Task instructions.
Restate word for word the lines below from the one that has "Nine men stand" through the one that has "BUNDLE] TN-1000 Compatible", keeping both and dropping all pictures.

Information provided.
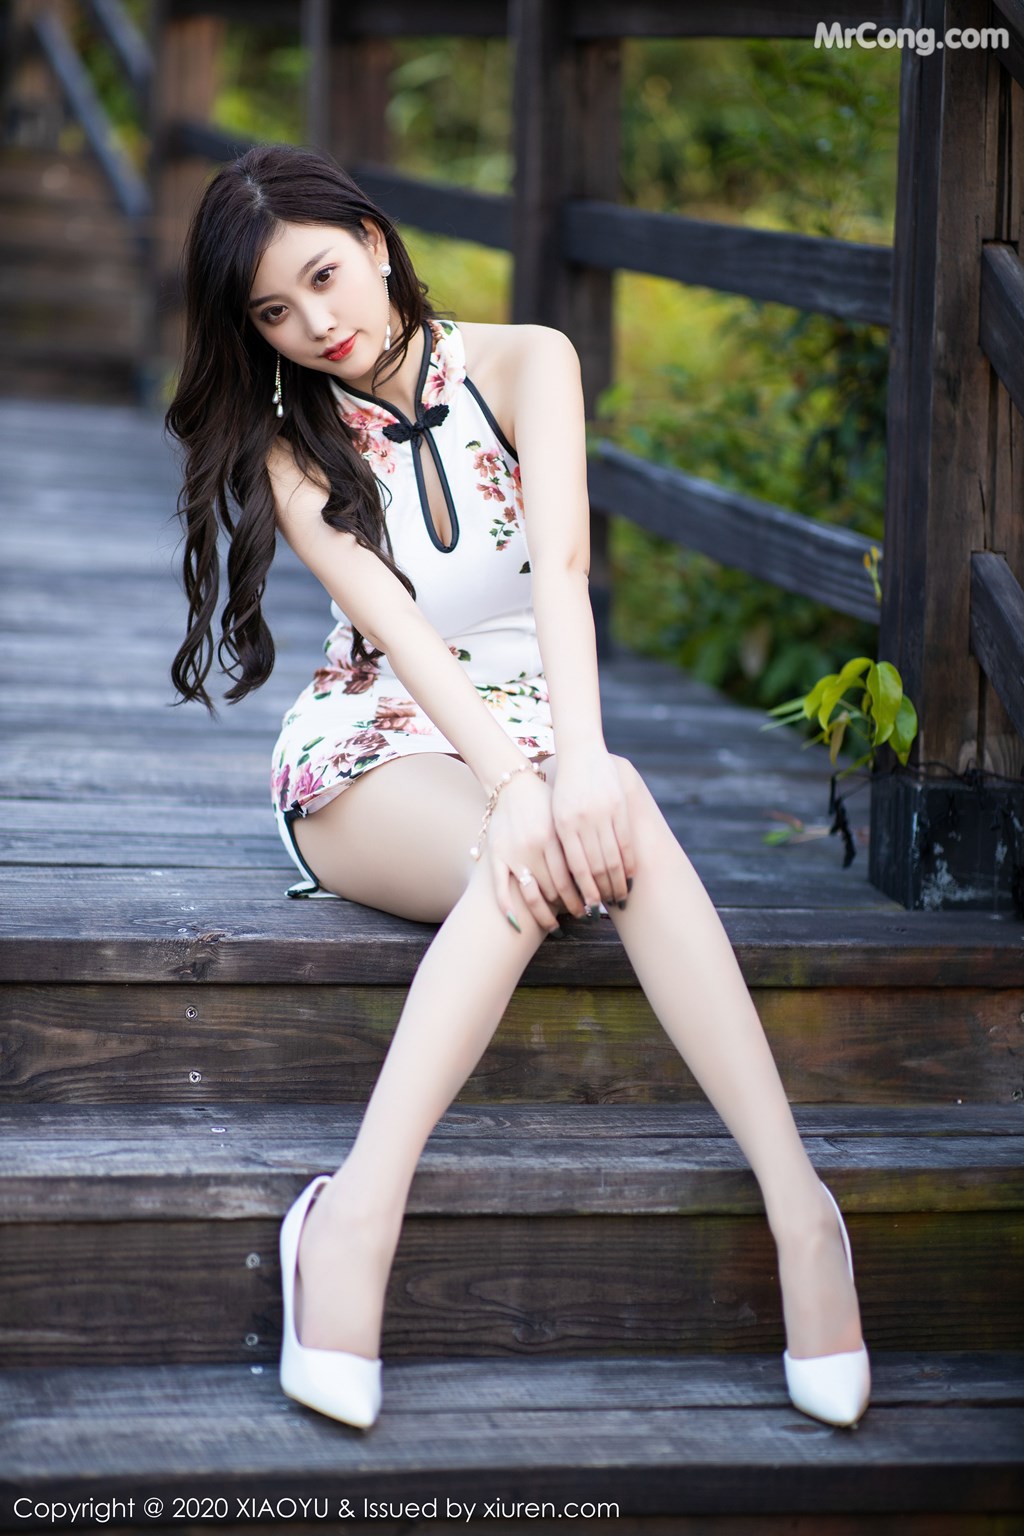 XiaoYu Vol.233: Yang Chen Chen (杨晨晨 sugar) (141 pictures)
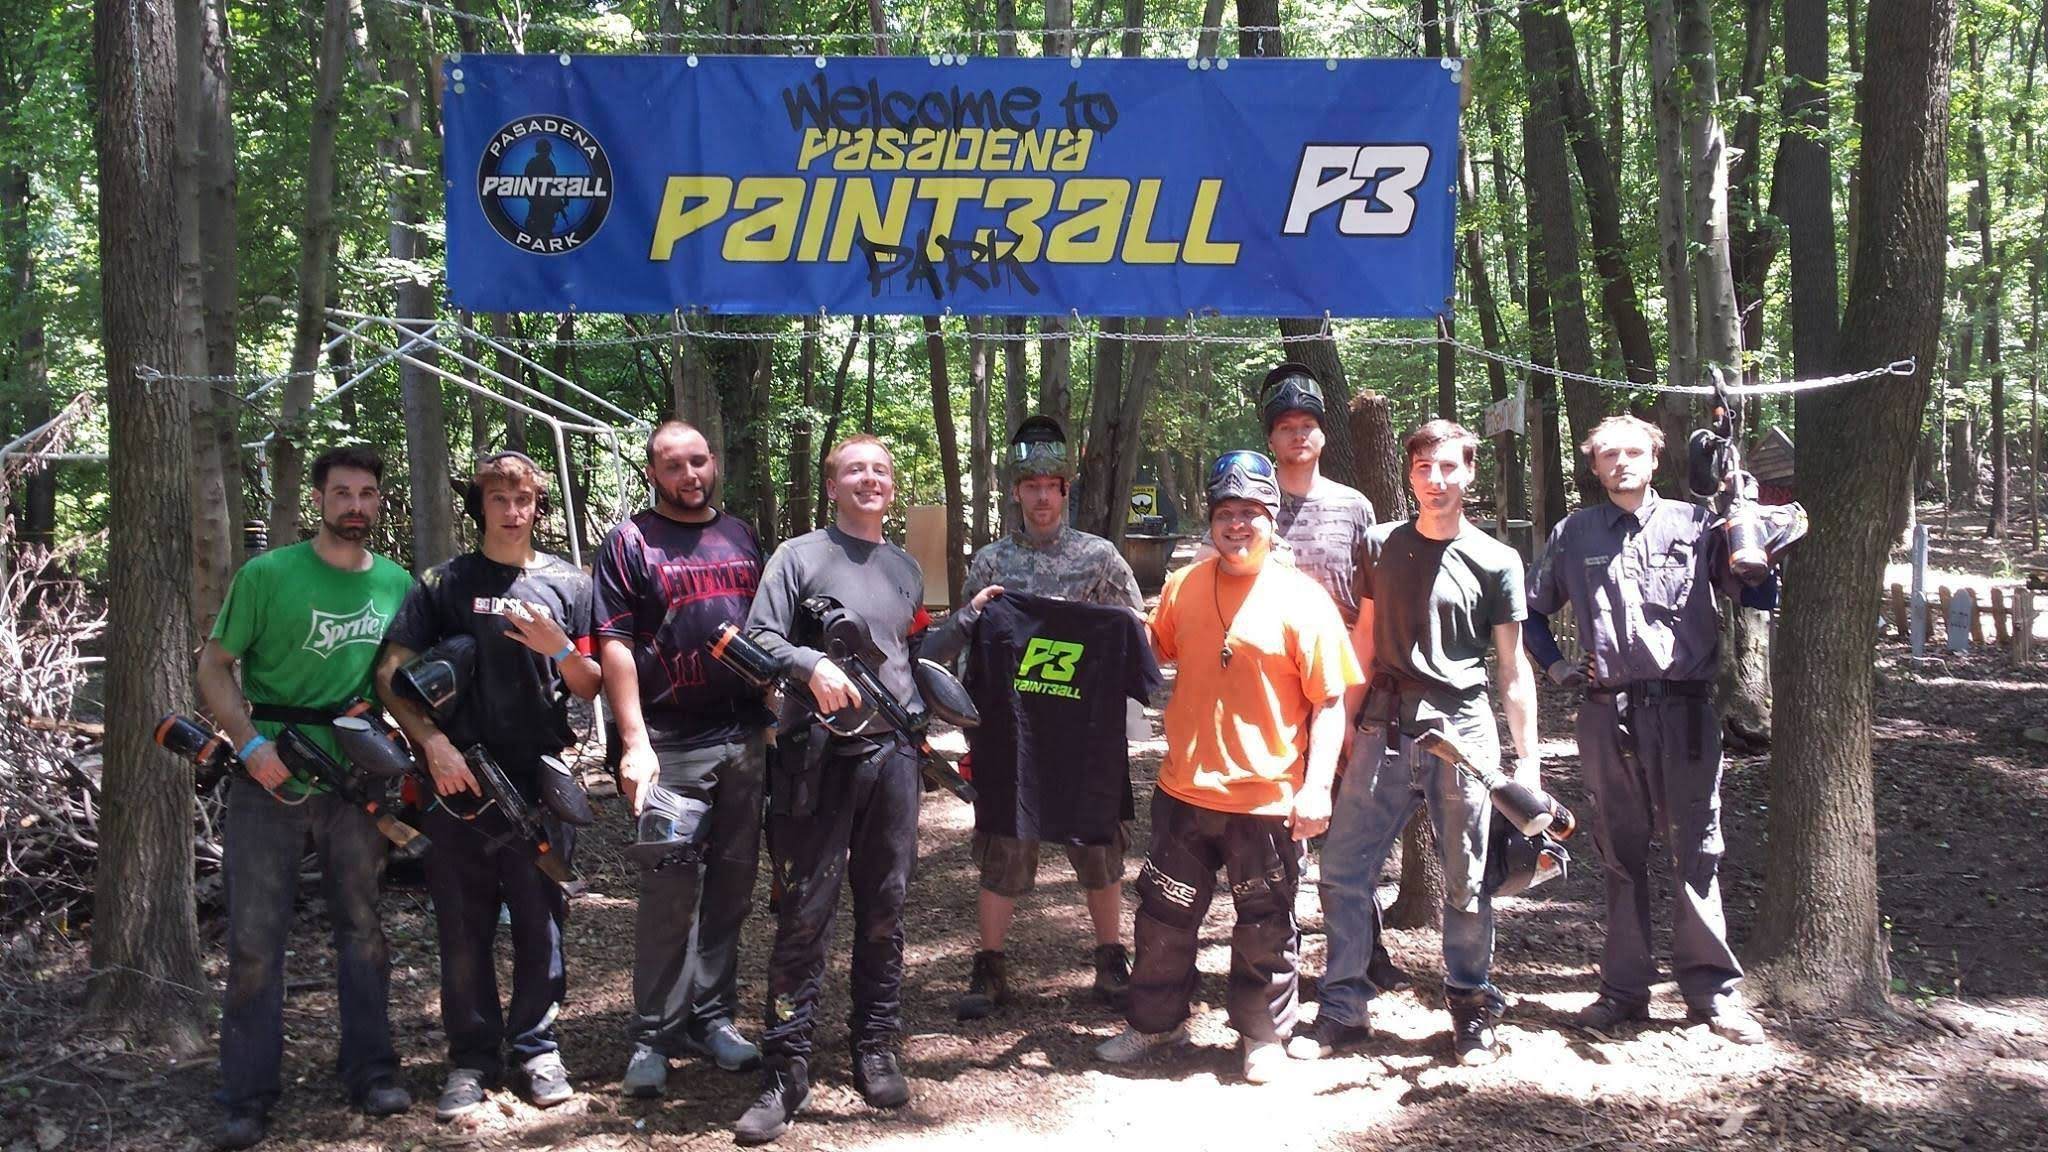 Nine men stand together in a forest setting for a group photo under a banner that reads 
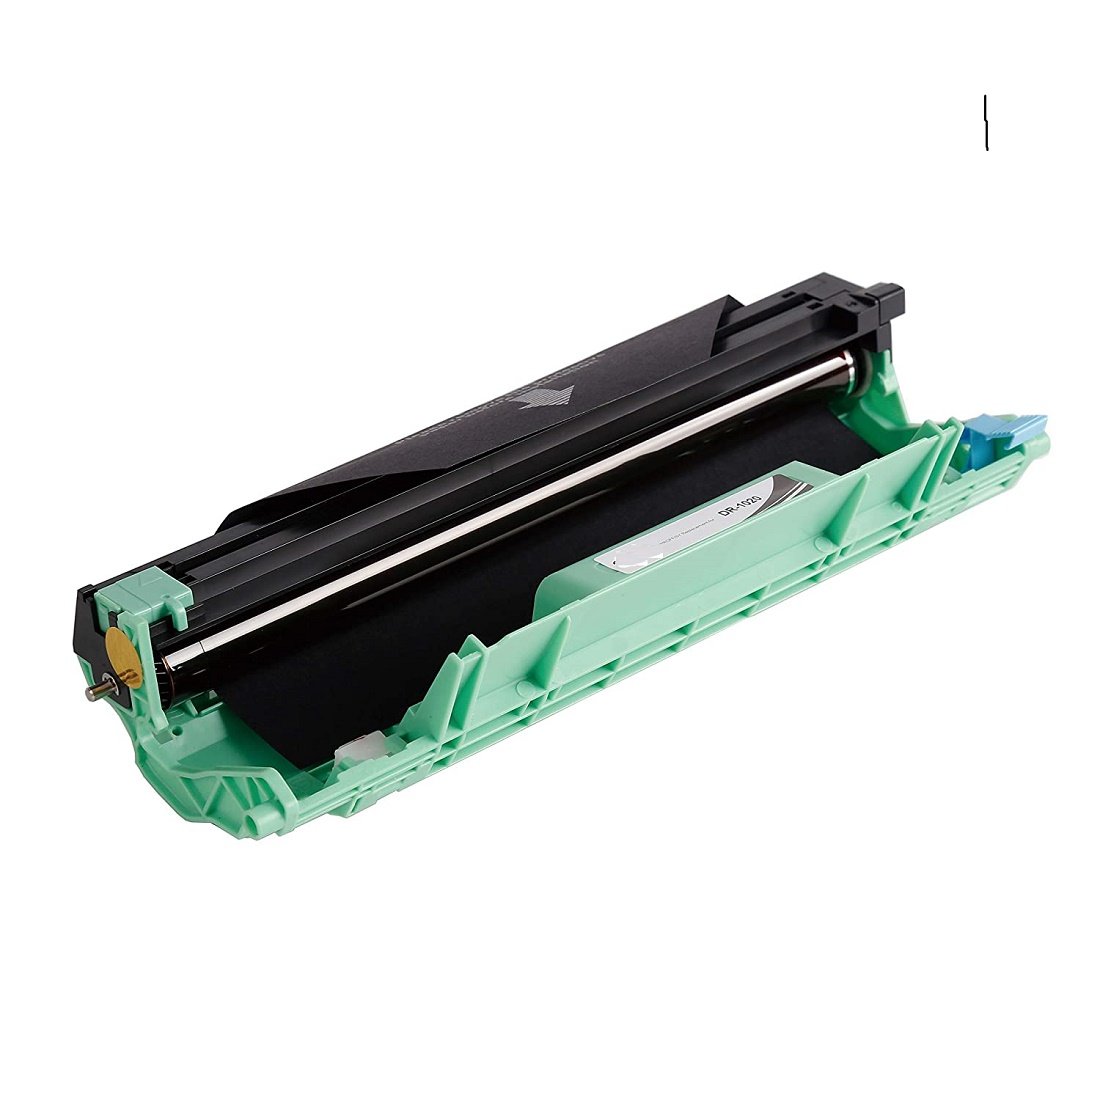 BUNDLE] TN-1000 Compatible Brother Toner Cartridge for HL-1110 1210W DCP-1510  1610W MFC-1810 1910W [theinksupply], Computers & Tech, Printers, Scanners &  Copiers on Carousell
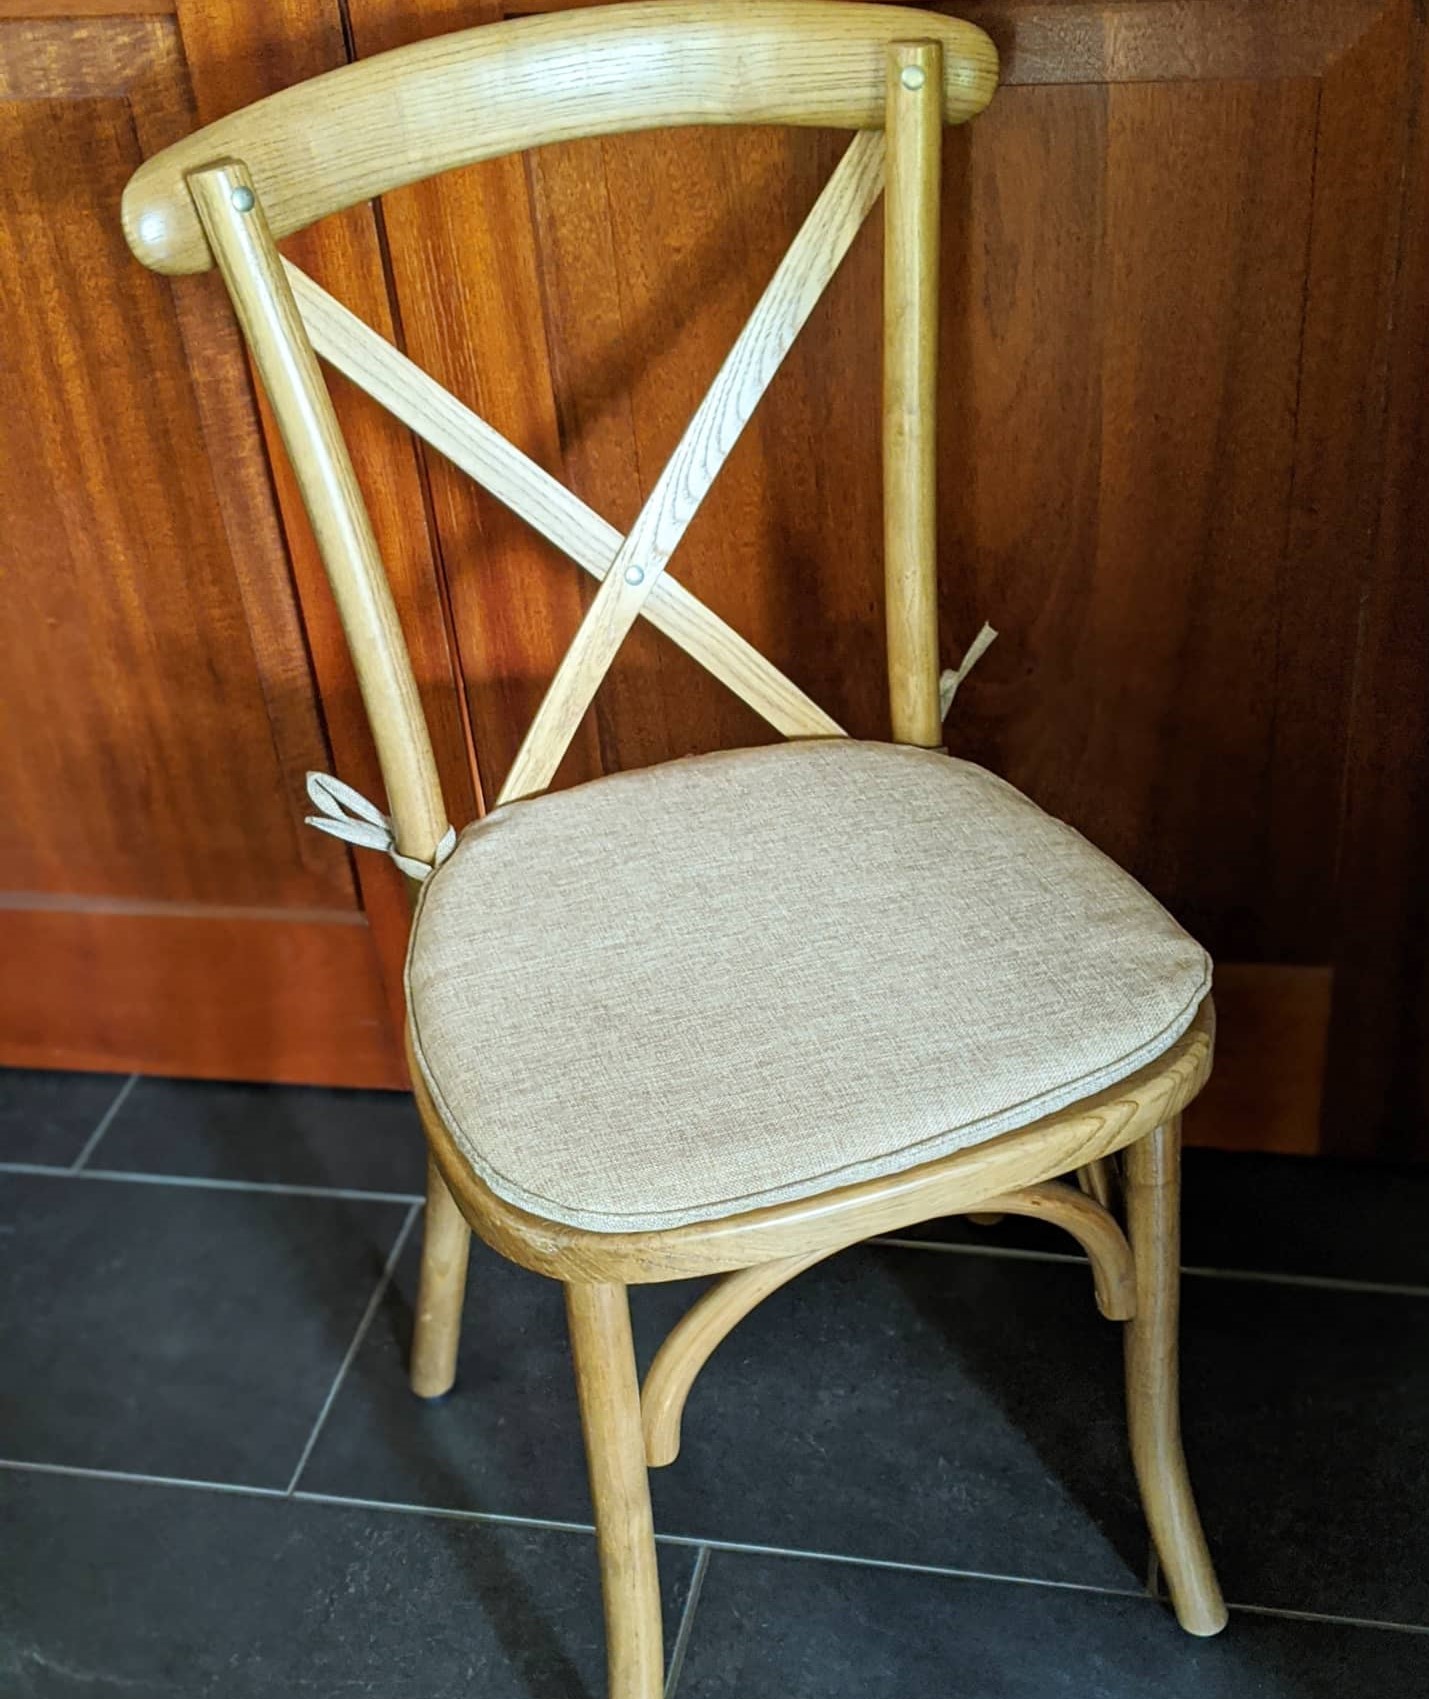 Cross back chair with seat cushion

Exercise response.
 Nine men stand together in a forest setting for a group photo under a banner that reads 
 BUNDLE] TN-1000 Compatible Brother Toner Cartridge for HL-1110 1210W DCP-1510  1610W MFC-1810 1910W [theinksupply], Computers & Tech, Printers, Scanners &  Copiers on Carousell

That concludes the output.